AZ/Daiichi Sankyo create Japan iPhone app for acid reflux
pharmafile | September 19, 2013 | News story | Medical Communications, Sales and Marketing | AstraZeneca, Daiichi Sankyo, Japan, Nexium, app, iphone
AstraZeneca and partner Daiichi Sankyo are launching a new iPhone app to educate the public about reflux esophagitis through a campaign entitled “Do you experience heartburn or acid reflux?”
The disease awareness campaign will look at helping the Japanese public understand the symptoms of reflux esophagitis and how they affect the daily lives of patients.
The campaign incorporates a variety of media featuring TV commercials and a website to encourage patients to seek the appropriate treatment and ‘take control of their lives’, according to the firms.
In conjunction with this campaign, Daiichi Sankyo and AstraZeneca have launched the new “Heartburn/Acid Reflux Notebook” iPhone app, which features a variety of functions to help patients relieve their symptoms.
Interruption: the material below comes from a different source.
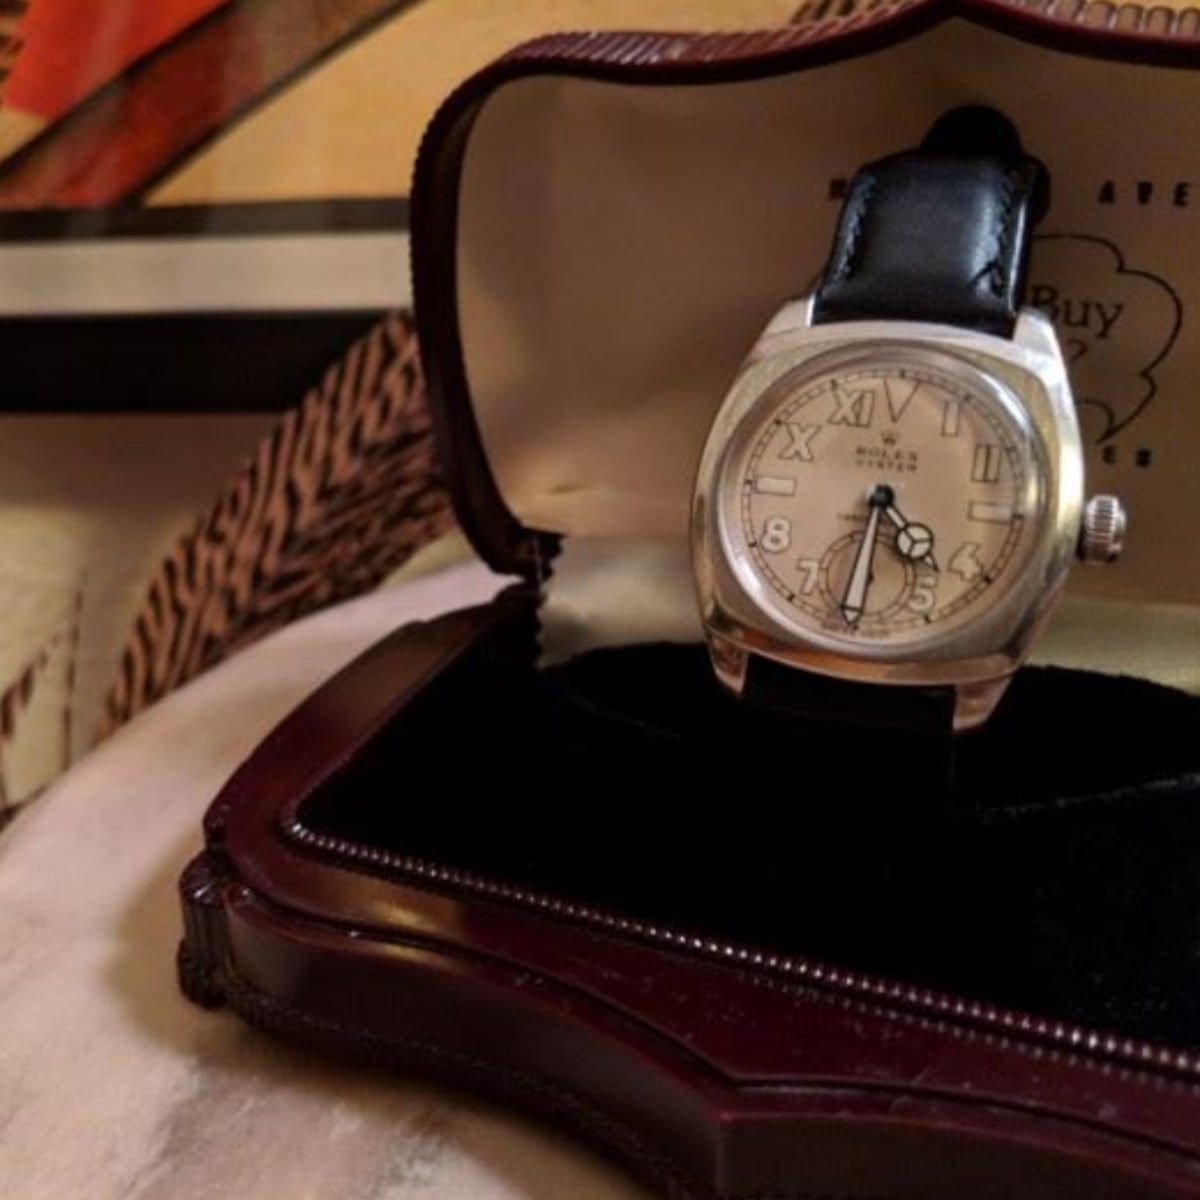 Rolex watch in a case sitting on a table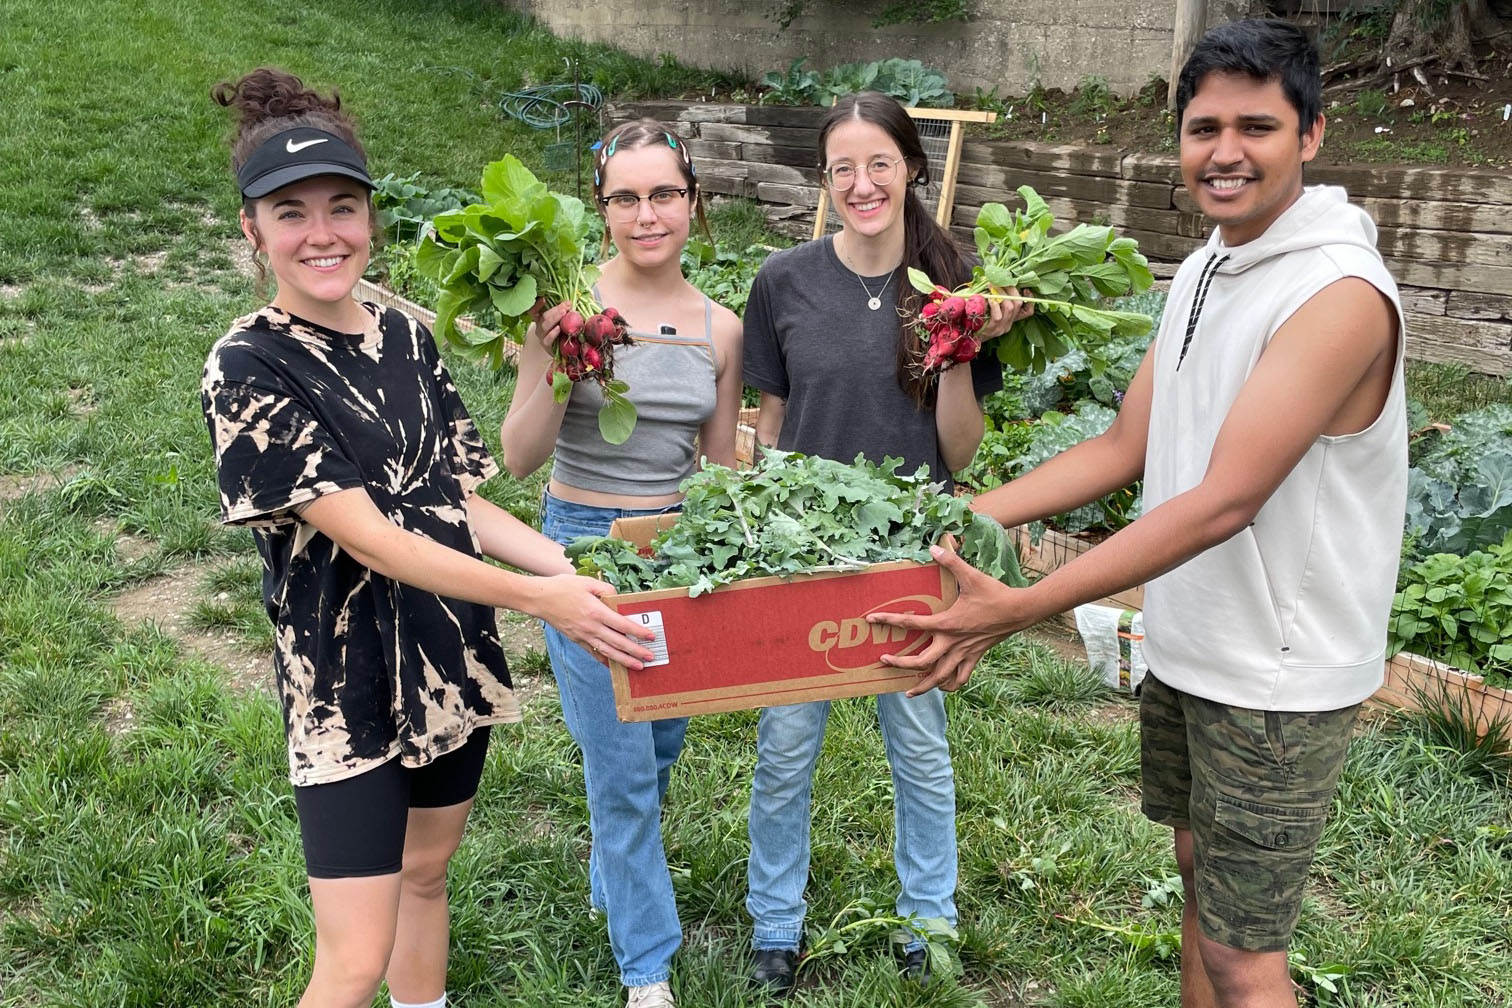 From left&comma; students Julia Quigley of the UNMC College of Public Health&comma; Caroline Case of the Eppley Institute for Research in Cancer and Allied Diseases&comma; Sadie Allen of the Eppley Institute for Research in Cancer and Allied Diseases and Venkatesh Varadharaj of the UNMC College of Medicine hold the garden’s first donation to a local community group&period;

The app is currently only available in Japanese.
In 2010 AstraZeneca signed a $100 million deal with Daiichi Sankyo for the co-promotion and supply of its proton pump inhibitor Nexium, licensed for gastroesophageal reflux disease, in Japan. The drug was once AZ’s biggest selling before succumbing to generic erosion in certain markets, making over $5 billion in peak annual sales.
But Nexium still has a long patent life in Japan as it was only approved there several years ago, meaning the firms are still keen to market the drug to help shore up loss sales from other countries.
Japan’s recent shift towards a Western diet and lowered incidence of helicobacter pylori infection have resulted in increased levels of acid secretion and reflux esophagitis sufferers are thought to be on the rise.
Reflux esophagitis is a disease in which inflammation of the oesophageal membrane occurs when stomach contents, including the highly acidic hydrochloric acid (gastric acid), are regurgitated.
The main symptoms of the disease include heartburn and acid reflux (an acidic taste in the throat and mouth, accompanied by a feeling that the contents of the stomach are being regurgitated).
The Japanese Society of Gastroenterology’s 2009 GERD treatment guidelines state that one or more instances of symptoms per week have a negative effect on QOL, and that the ultimate goal is to relieve symptoms completely.